=== EXERCISE DATA ===
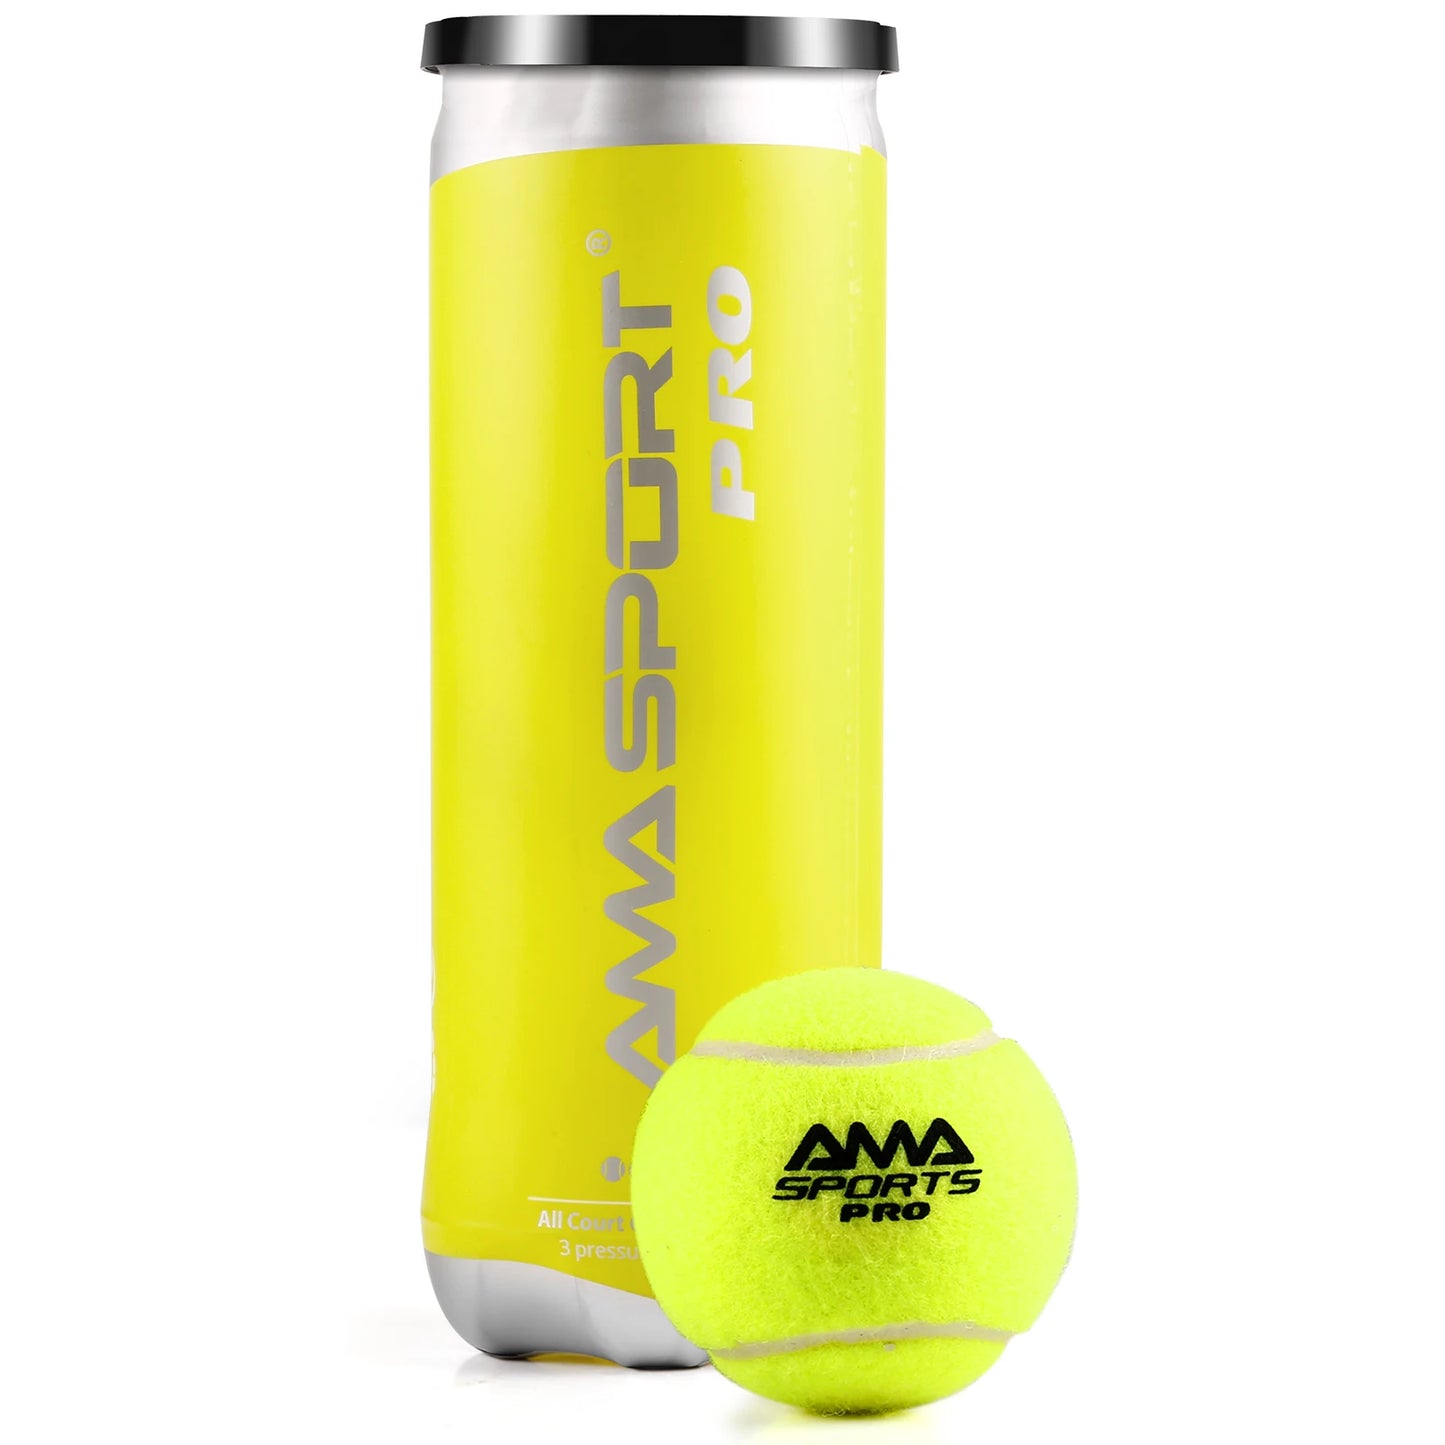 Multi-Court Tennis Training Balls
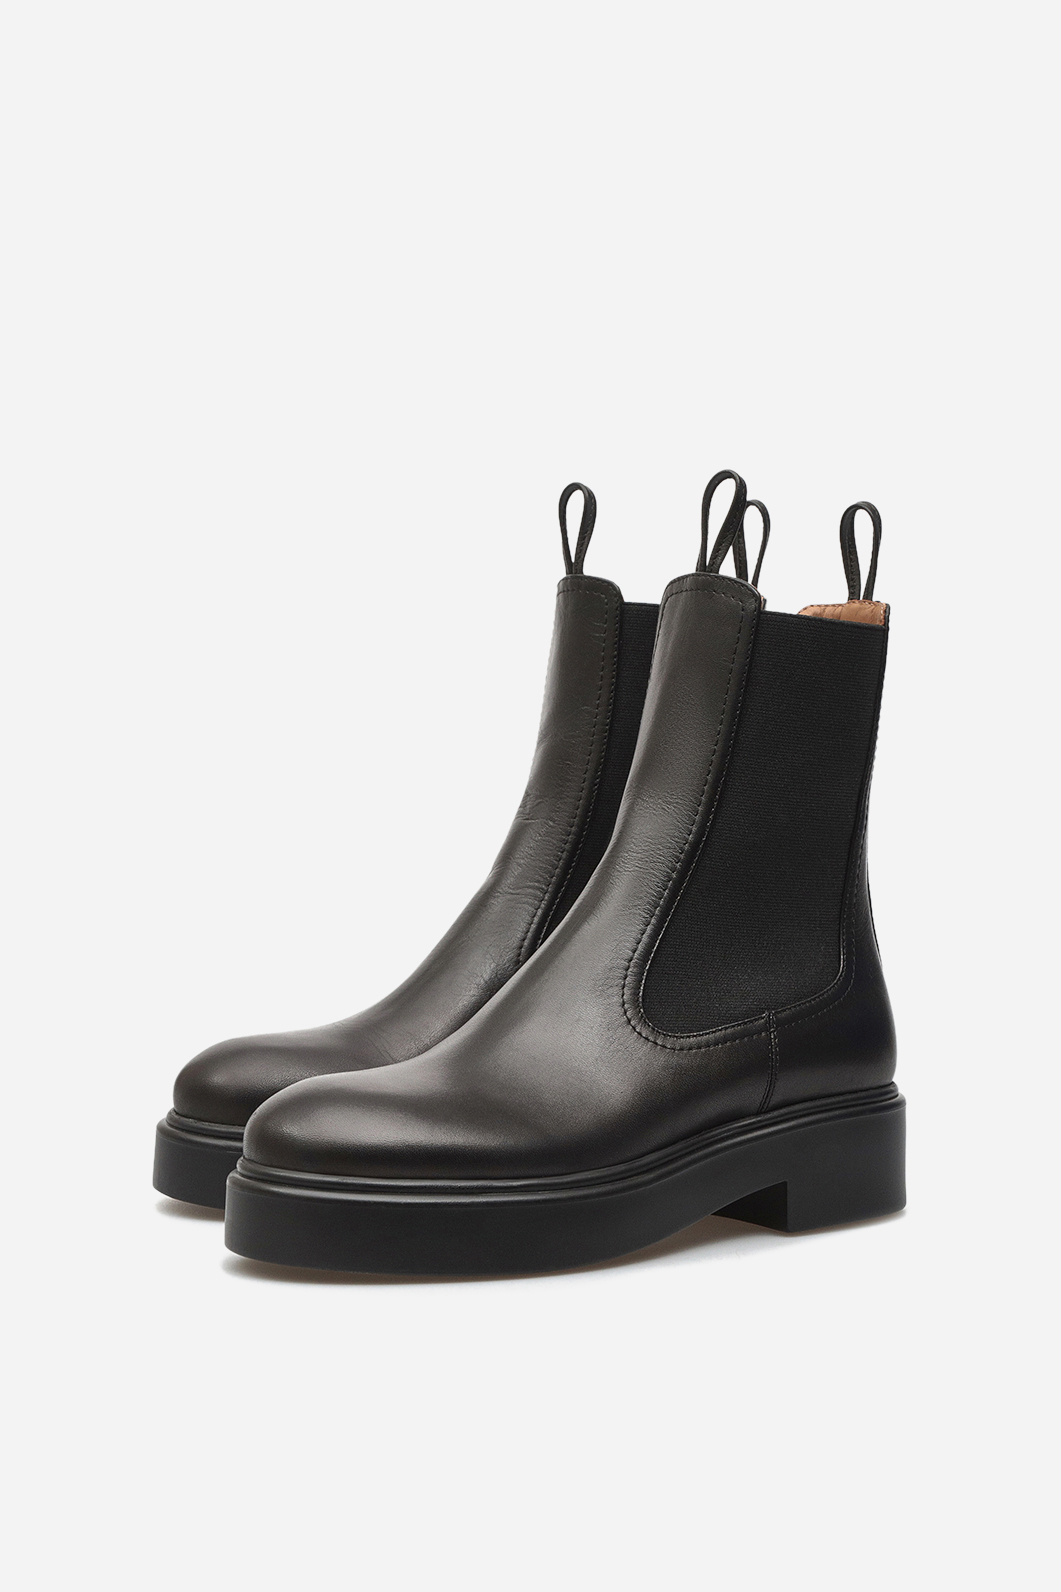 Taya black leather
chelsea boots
==
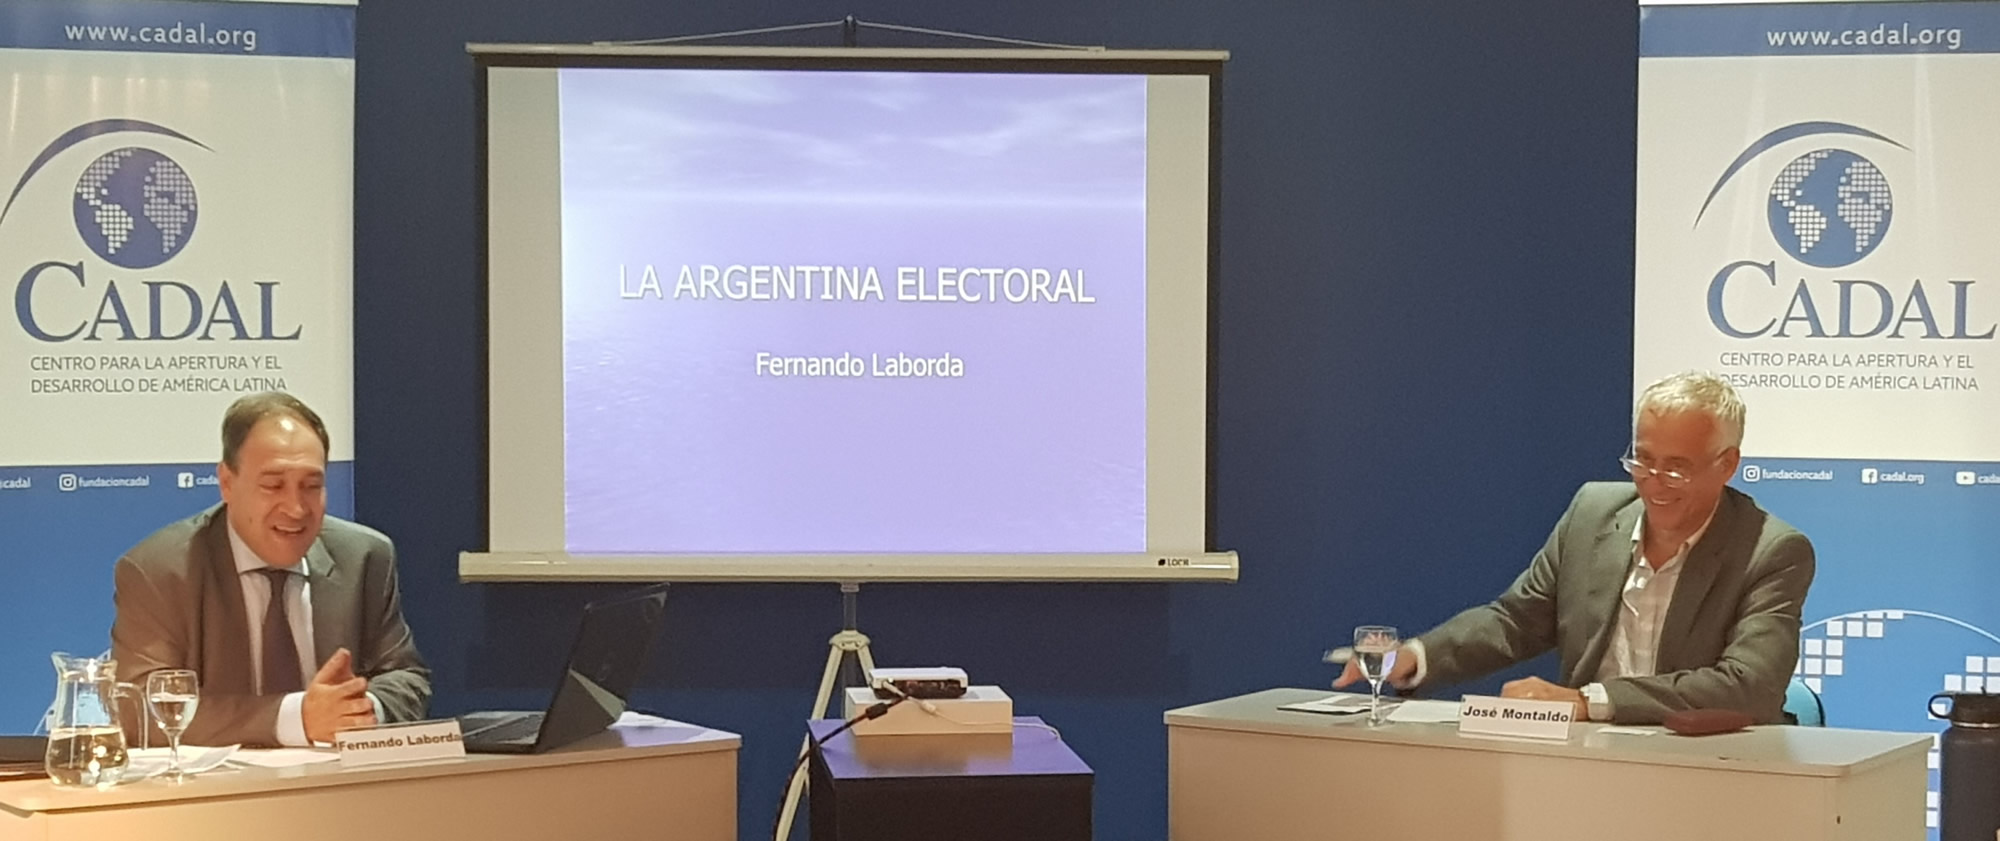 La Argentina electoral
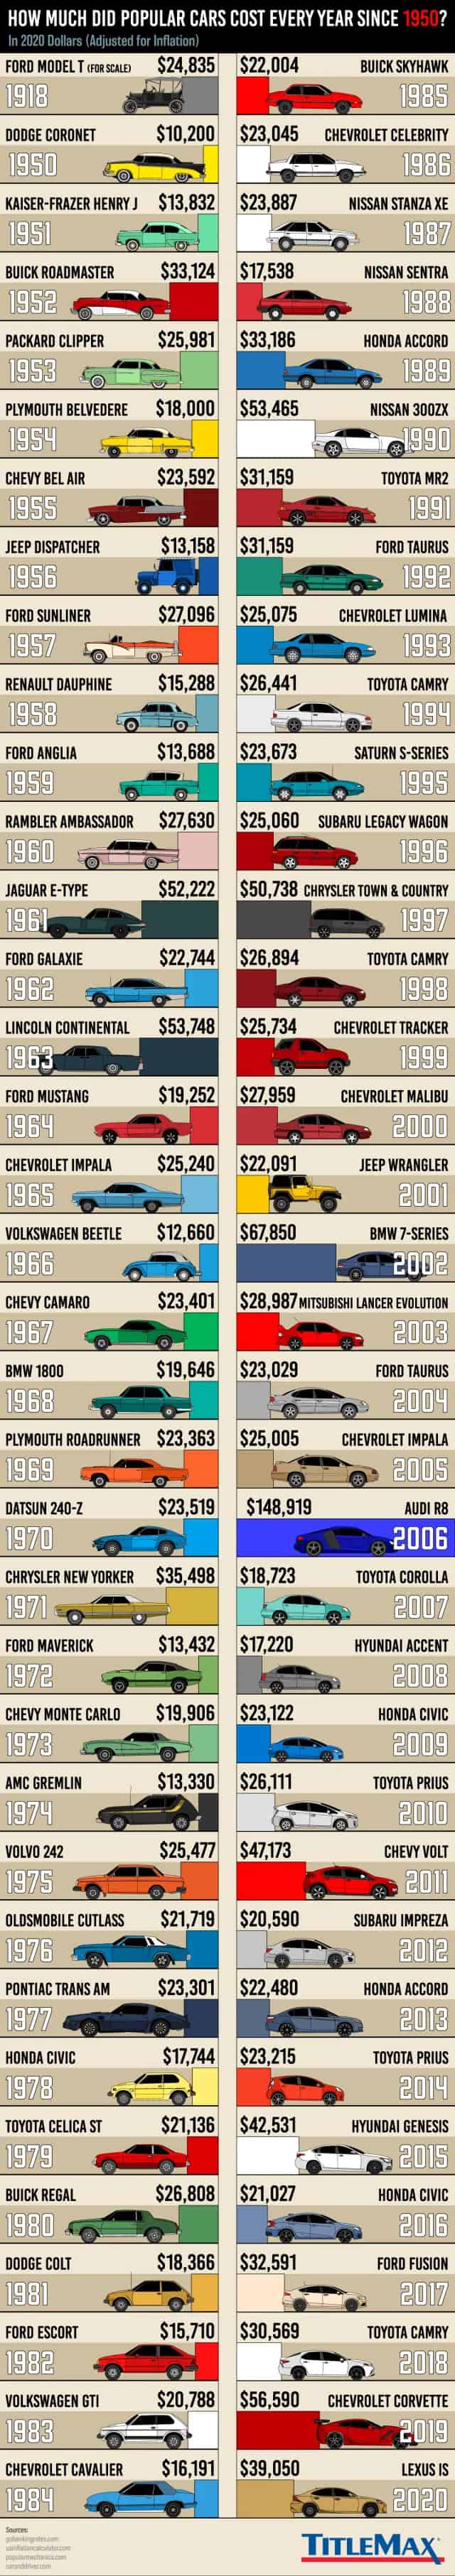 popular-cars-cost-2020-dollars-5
==
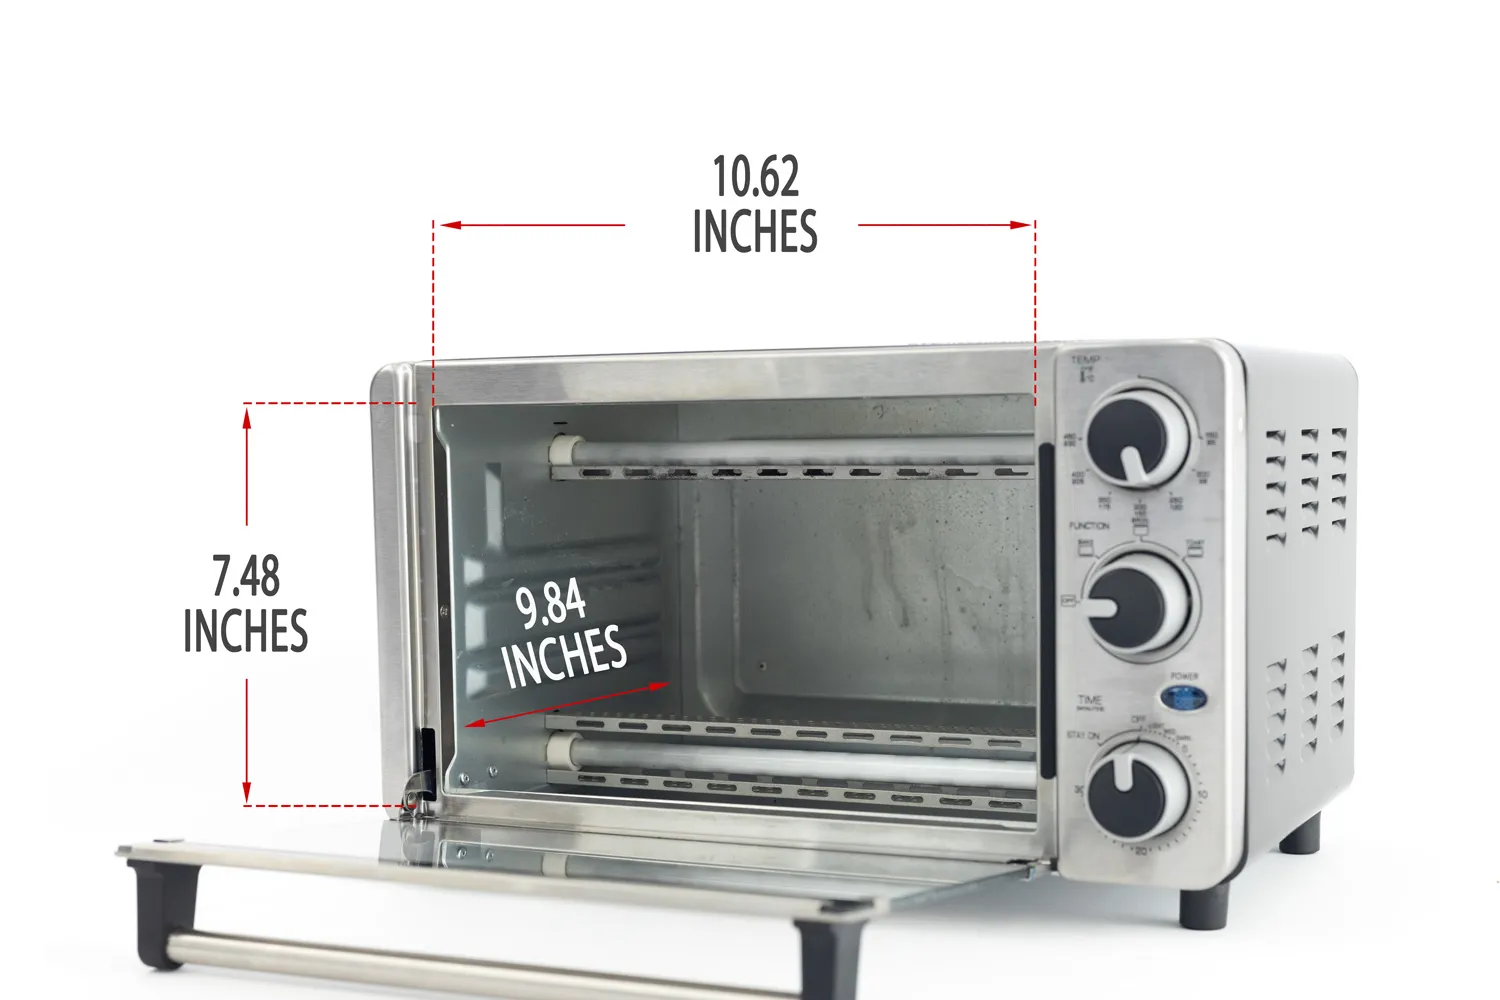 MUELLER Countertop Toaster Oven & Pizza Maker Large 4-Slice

=== INSTRUCTIONS FOR THE TASK ===
Only the lines above from the one containing "Multi-Court Tennis Training Balls" through the one containing "chelsea boots" should be returned, verbatim and inclusive, with pictures excluded.

=== SOLUTION ===
 Multi-Court Tennis Training Balls
 Taya black leather
chelsea boots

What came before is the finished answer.